I've found that when using sacct to track resource usage over specific time periods, it's helpful to include the --truncate option. Without it, jobs that started before the specified start time will have their entire runtime counted, including time outside
the specified range. The --truncate option ensures that only the time within the defined period is included.
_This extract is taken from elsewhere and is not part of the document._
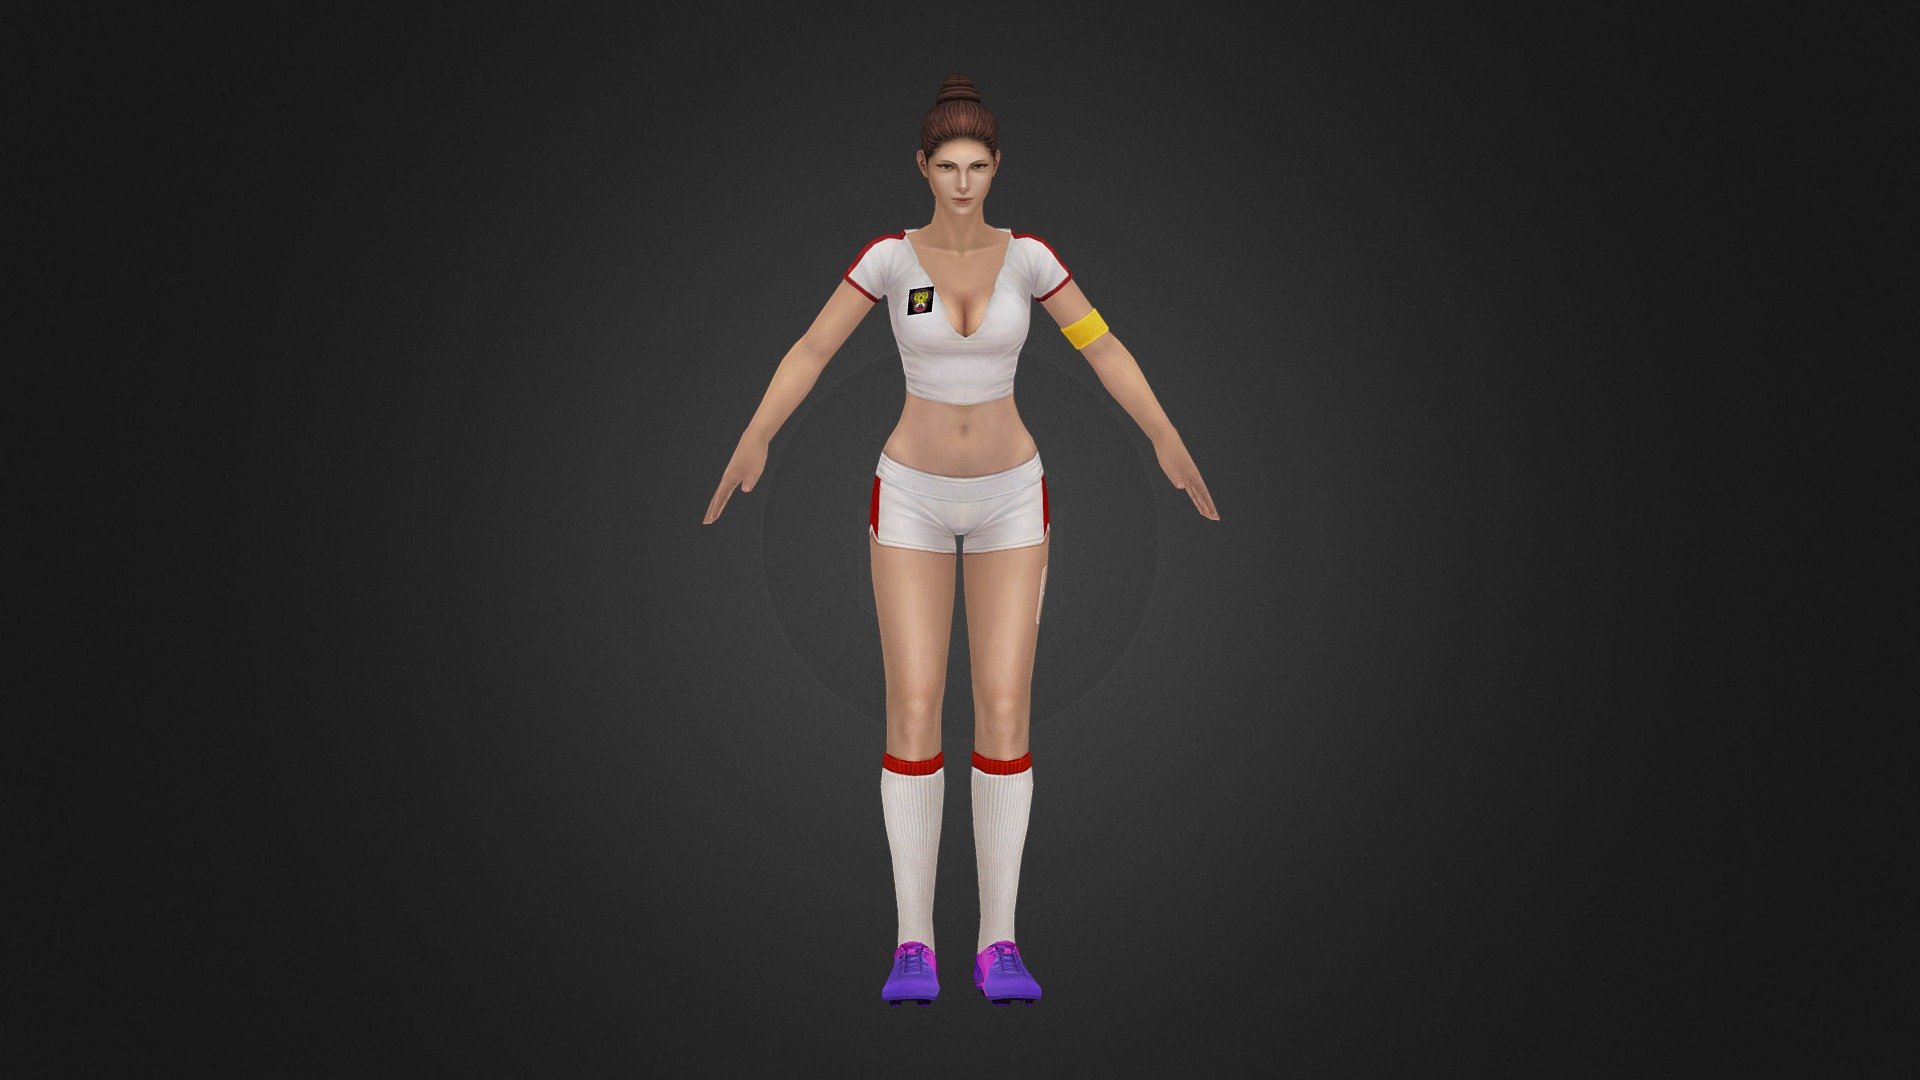 Marien Soccer - 3D model by Dimac 3d model

Maybe this can explain some of the discrepancy you experience.
Hi all,
I was wondering if someone can help explaining this discrepancy.
I have different values for project gpu consumption using sreport vs sacct (+ some calculations)
This is an example that shows this:
sreport -t hours -T gres/gpu cluster AccountUtilizationByuser start=2025-04-01 end=2025-04-05 | grep project1234
gives 178
while
sacct -n -X --allusers --accounts=project1234 --start=2025-04-01 --end=2025-04-05 -o elapsedraw,AllocTRES%80,user,partition
gives
213480 billing=128,cpu=128,gres/gpu=8,mem=1000G,node=2 gpuplus
249507 billing=128,cpu=128,gres/gpu=8,mem=1000G,node=2 gpuplus
13908 billing=64,cpu=64,gres/gpu=4,mem=500G,node=1 gpuplus
9552 billing=64,cpu=64,gres/gpu=4,mem=500G,node=1 gpuplus
4 billing=16,cpu=16,gres/gpu=1,mem=200G,node=1 gpu
11 billing=16,cpu=16,gres/gpu=1,mem=200G,node=1 gpu
...
I will not bore you with the full output and its calculation, but the first job alone consumed 213480 seconds/60/60 * 8 gpus that's 474.4 gpu hours which is way more than the 178 hrs reported by sreport
Any clue why these are inconsistent? or how sreport calculated the 178 value?